De qui parle-t-on ?
Pour son 1er film en 2020, Vauriens, Peter Dourountzis ne m’avait pas du tout convaincu. Par contre, ces nouvelles 104 minutes de thriller psychologique traitent d’un sujet original, la presse à sensations, - ici les journalistes de le l’hebdo Détectives, qui, à son heure de gloire, tirait à exemplaires par semaine ! -, mais à travers une réflexion intime sur la violence, l’enquête, et la filiation. Samuel, journaliste, et Ava, sa fille et stagiaire, couvrent pour leur magazine le meurtre d’une jeune fille attaquée à l’acide. Frappé par la brutalité de ce meurtre, ainsi que par l’intérêt de sa fille pour l’affaire, Samuel décide de mener une enquête indépendante, à l’insu de sa rédaction, et découvre des similitudes troublantes avec le meurtre d’une autre femme… Solide, efficace avec un final haletant, un film de très bonne tenue défendu par un casting de grande qualité.

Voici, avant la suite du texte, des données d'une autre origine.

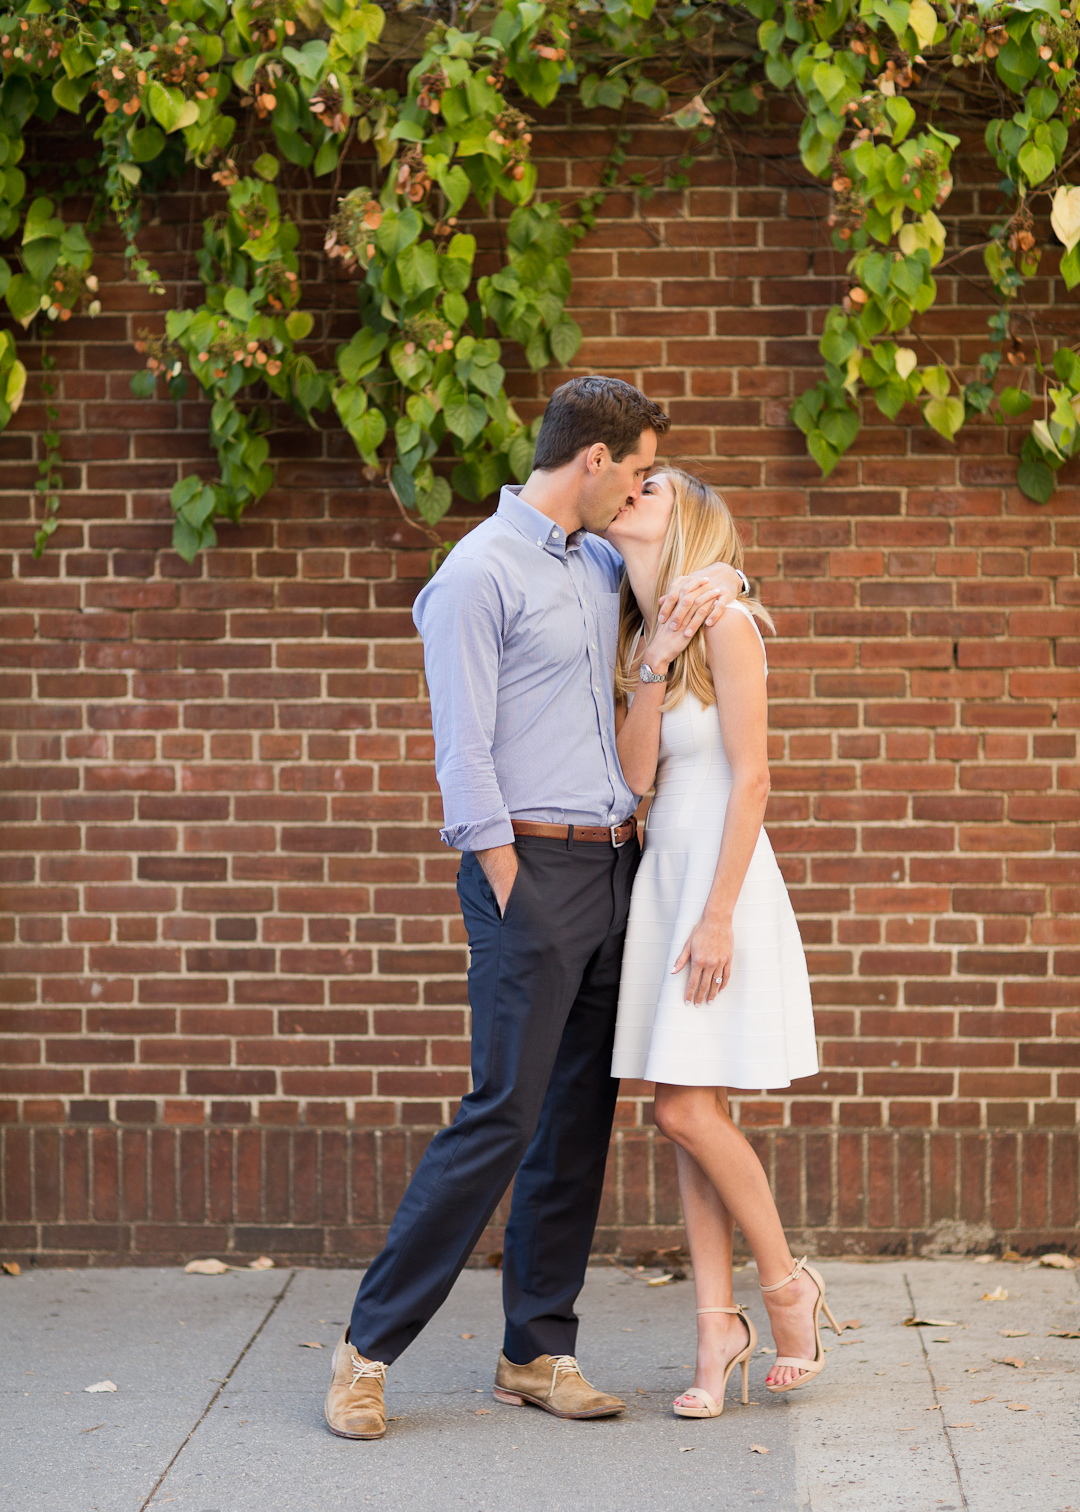 Melissa Kruse Photography - Daniece & Chris West Village Engagement Photos-71.jpg

En 2002, Elodie Kulik, une jeune banquière de 24 ans, est retrouvée morte dans la Somme, après avoir été violée et brûlée vive. Une séquence glaçante de son appel aux secours sur le 17 est enregistrée. L’enquête durera plus de dix ans, marquée par une vidéo de viol retrouvée sur un téléphone, l’identification tardive d’un ADN, et un procès très médiatisé. Cette affaire emblématique a profondément marqué l’opinion publique et inspiré le premier jet du scénario à ce film. Car, ici, le scénario repart de zéro : nouvelle intrigue, nouveaux enjeux, même s’il conserve l’idée du fait divers comme moteur du récit. L’intrigue s’éloigne du thriller purement stylisé pour adopter un ton de chronique centrée sur des personnages imparfaits dans des situations du quotidien. Atmosphère poisseuse et glauque à souhait, héros plus médiocres que véritablement sympathiques. Un seul reproche, on s’y perd un peu au début de l’histoire car les enjeux tardent un peu à se mettre en place. Mais ça reste un bon film de genre en ce début d’été qui gagne beaucoup à être suivi dès qu’il pénètre le petit monde interlope des cibistes. Même si c’est sans doute pousser le bouchon de la vraisemblance un peu loin en transformant des journalistes de Détective en enquêteurs hors pair capables de résoudre un cold case ou devenant des chausseurs de prédateurs sexuels, on se laisse prendre au jeu.
L’autre grand atout de ce film reste la prestation inspirée de Sami Bouajila et Mallory Wanecque, dont le duo fonctionne à merveille et finit même par être très émouvant. A noter les présences inspirées de Jean-Pierre Darroussin et Valérie Donzelli. Je regretterais simplement la multiplication de personnages interprétés – parfois furtivement – par Andréa Bescond, Gilles Cohen ou Stéphane Crépon, qui n’ajoutent rien à l’intrigue et ont même tendance à éparpiller le propos. Dourountzis s’inscrit dans la grande tradition du polar social à la française, de Dominik Moll et sa Nuit du 12 à Une affaire d’État d’Éric Valette. La morale est ici simple : « les rapaces sont partout ».